GIVEN MATERIAL -
= = = = =
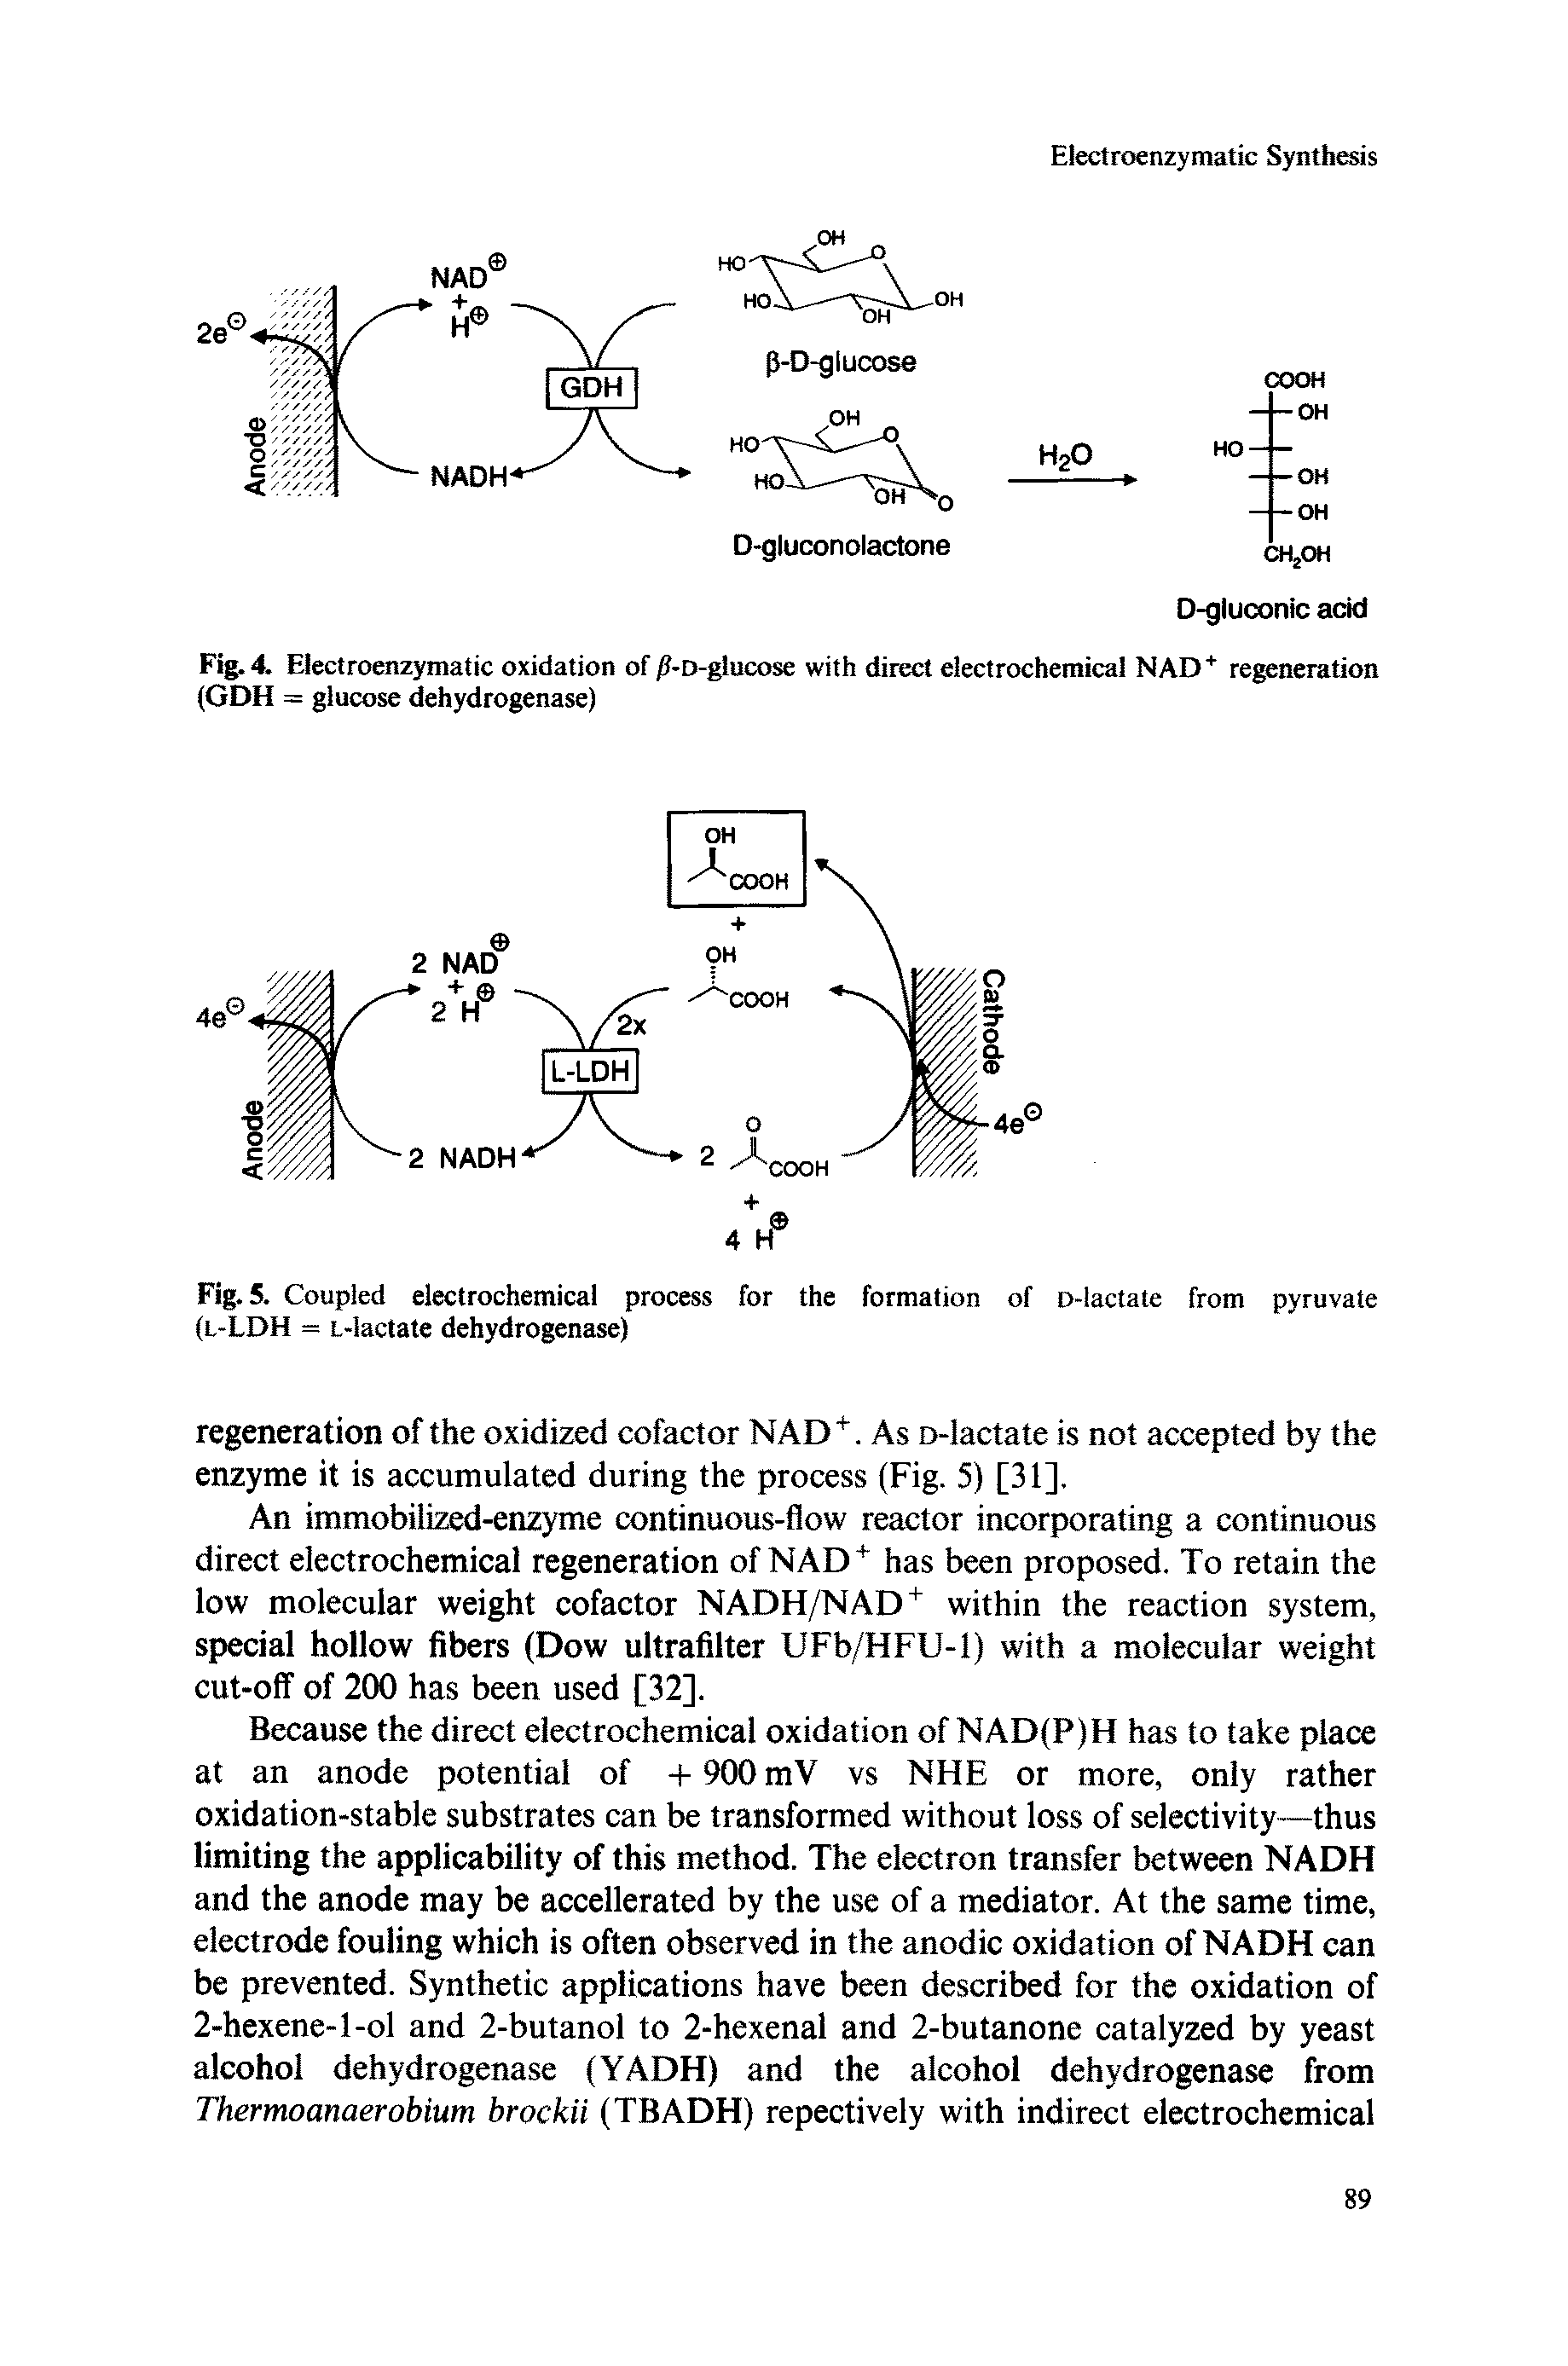 Fig. 5. Coupled electrochemical process for the formation of D-lactate from pyruvate (l-LDH = L-lactate dehydrogenase)...
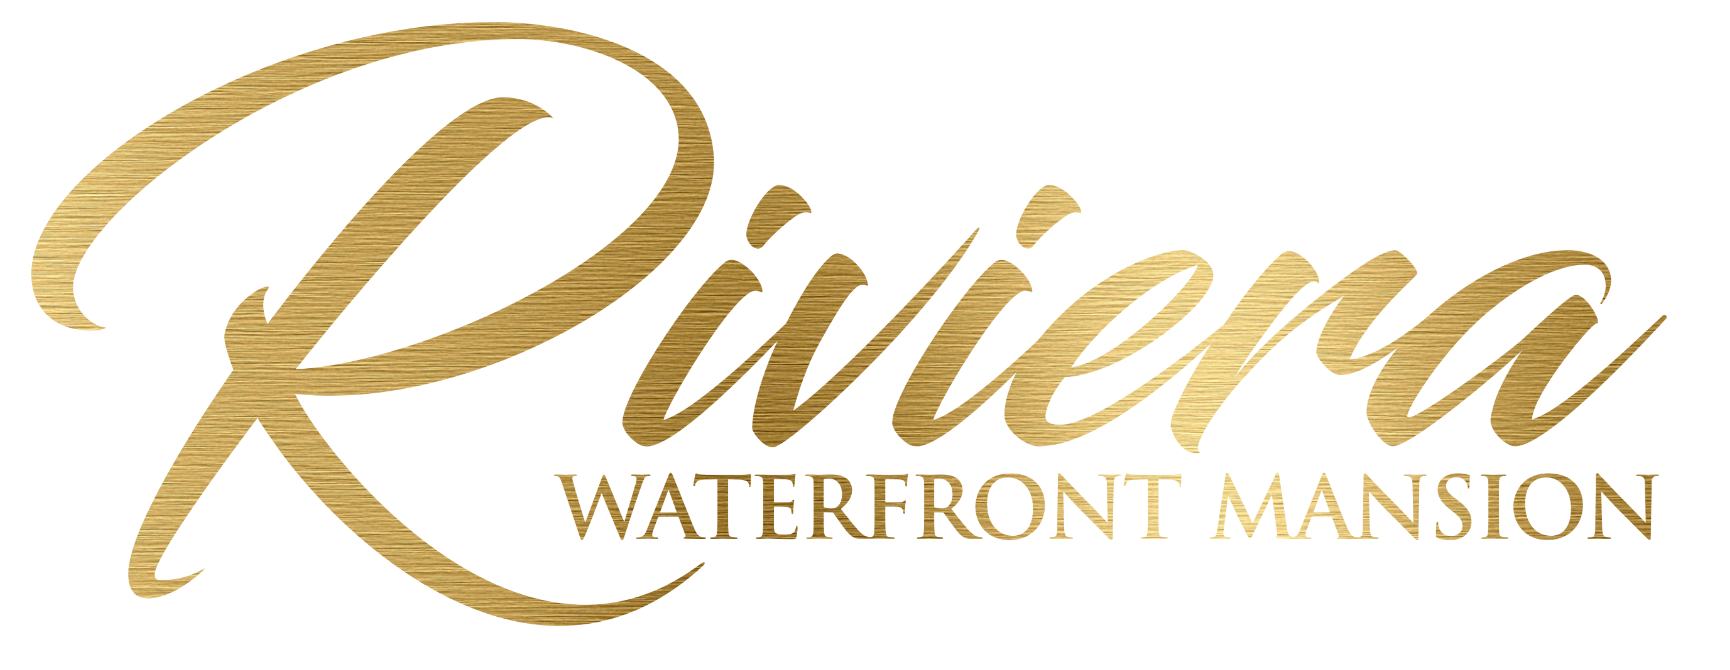 A gold logo for riviera waterfront mansion on a white background.
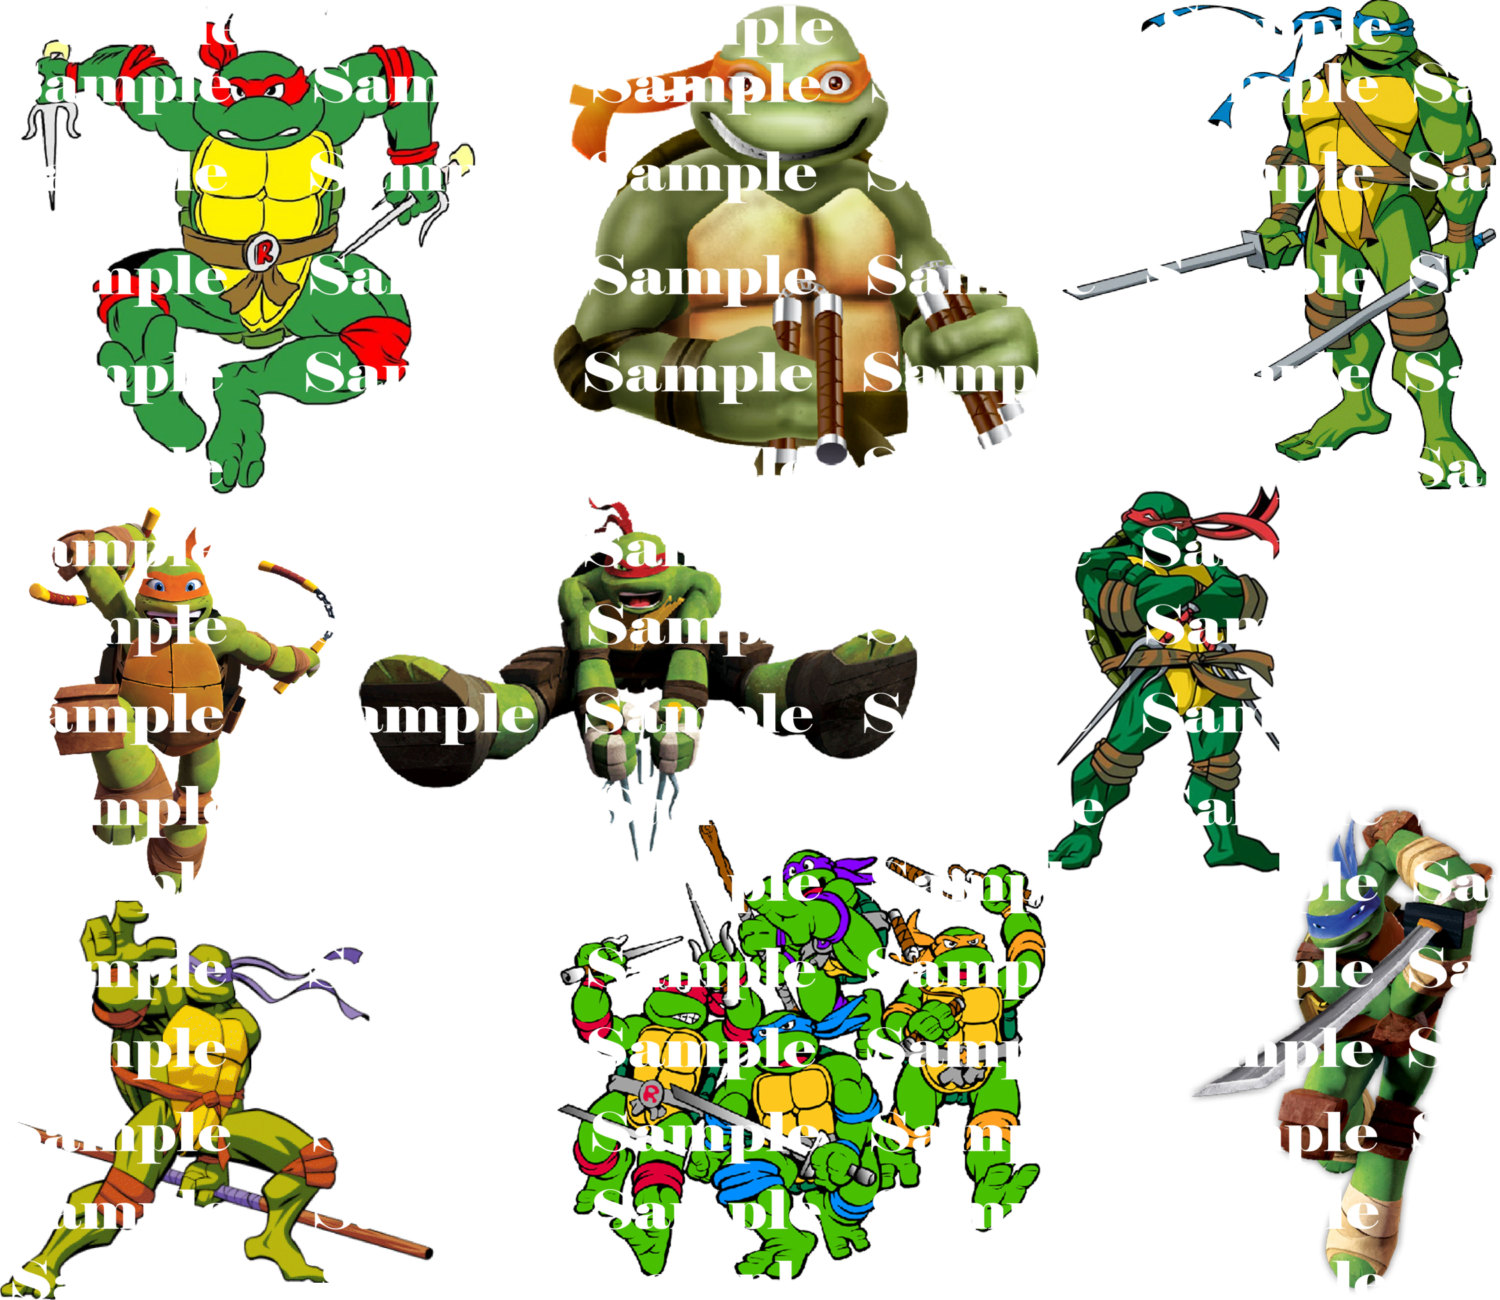 We Discovered 5 Items For Tmnt Clipart
= = = = =
The lines above must be transcribed exactly, with every picture left out.

 Fig. 5. Coupled electrochemical process for the formation of D-lactate from pyruvate (l-LDH = L-lactate dehydrogenase)...
 A gold logo for riviera waterfront mansion on a white background.
 We Discovered 5 Items For Tmnt Clipart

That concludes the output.